* **WORK INSTRUCTION**: Please give the lines below again exactly as they stand, from the one that contains "The Hindu Editorial" up to and including the one that contains "Turn off notifications", leaving all pictures out.

* **DATA SECTION**:
* * * * * * * * *

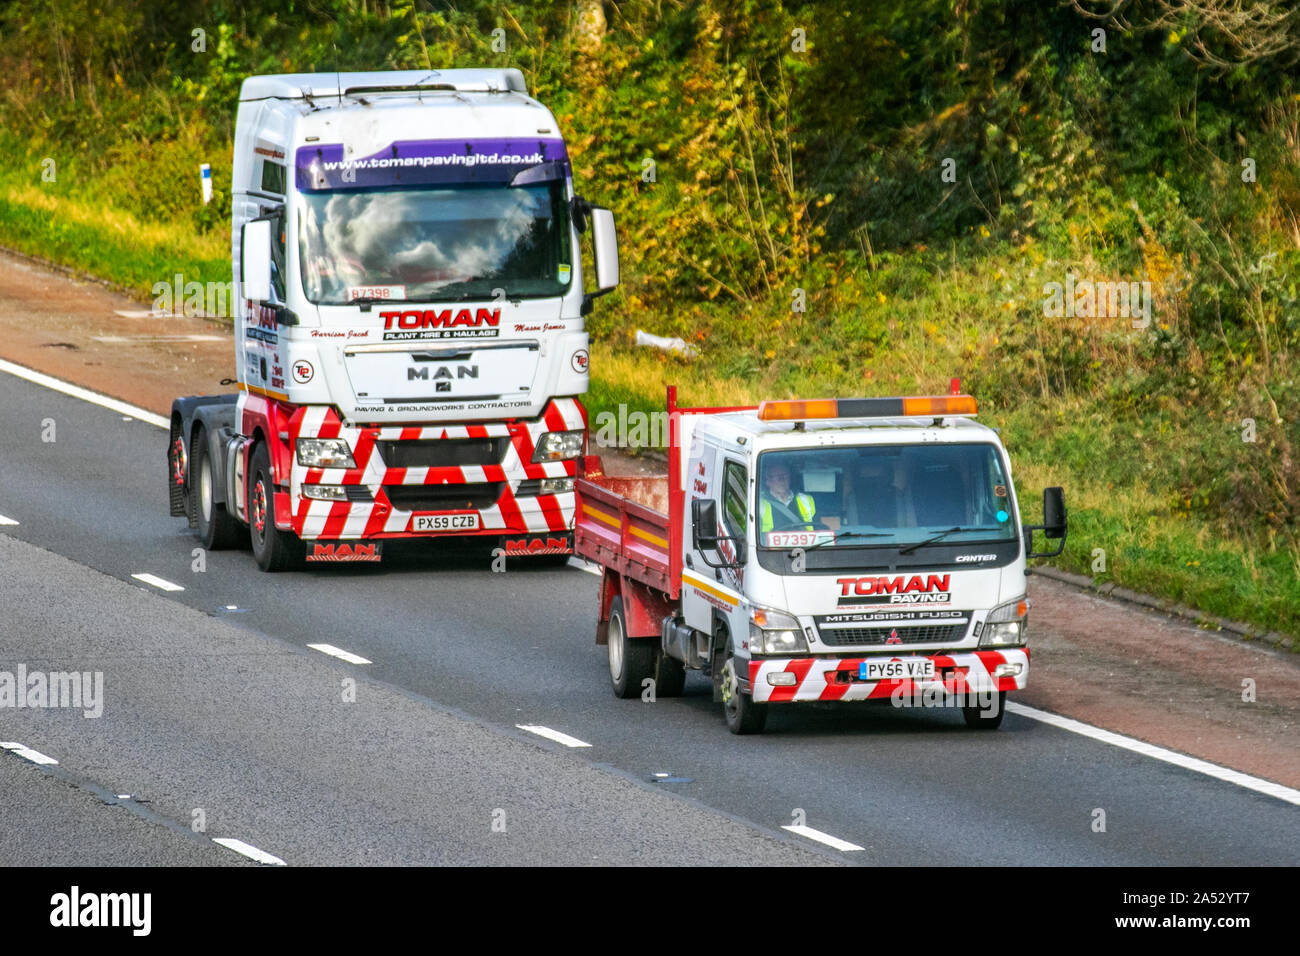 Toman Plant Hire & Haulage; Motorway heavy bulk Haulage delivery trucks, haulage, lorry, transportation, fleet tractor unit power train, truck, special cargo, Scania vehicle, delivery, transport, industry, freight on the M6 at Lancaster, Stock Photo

* * * * * * * * *

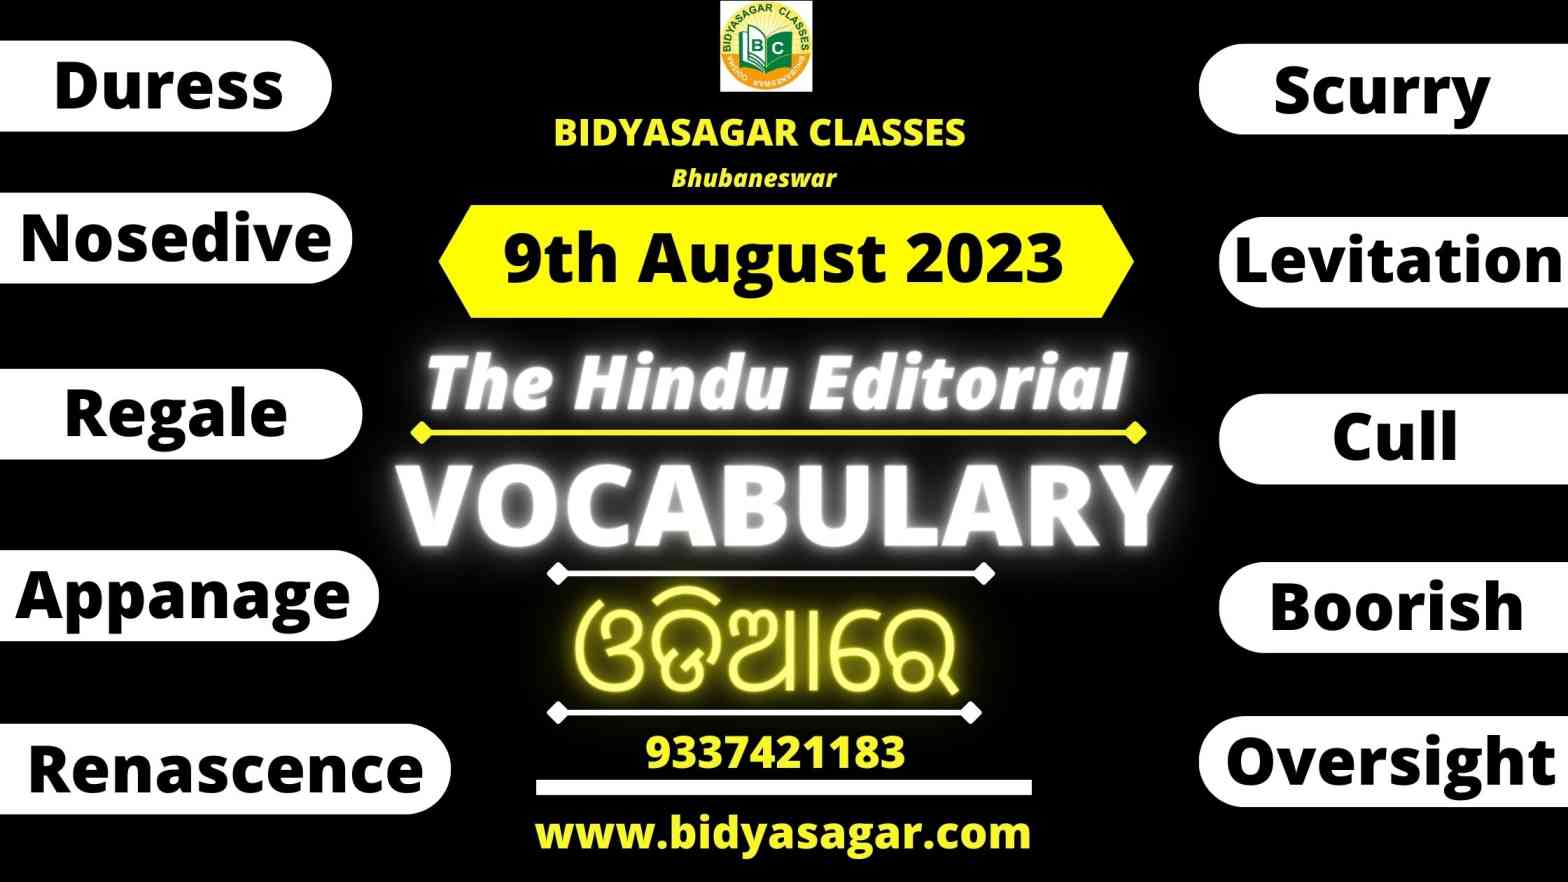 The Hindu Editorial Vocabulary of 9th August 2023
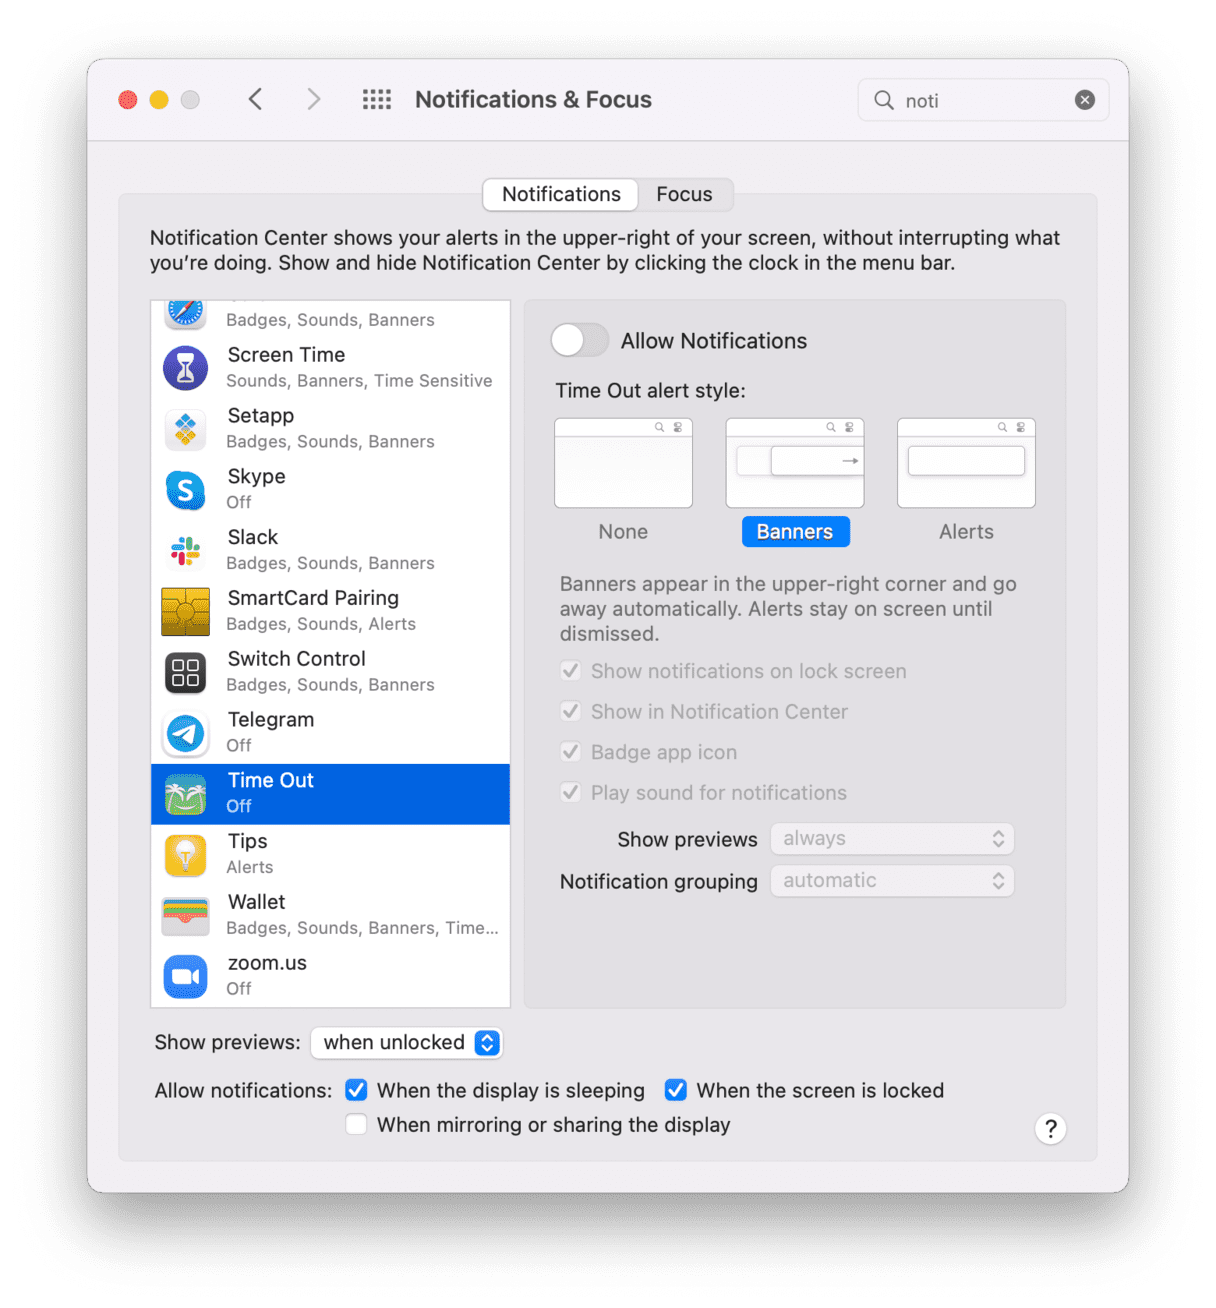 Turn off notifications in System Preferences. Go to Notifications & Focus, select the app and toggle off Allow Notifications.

* * * * * * * * *

* **EXERCISE SOLUTION**:
 The Hindu Editorial Vocabulary of 9th August 2023
 Turn off notifications in System Preferences. Go to Notifications & Focus, select the app and toggle off Allow Notifications.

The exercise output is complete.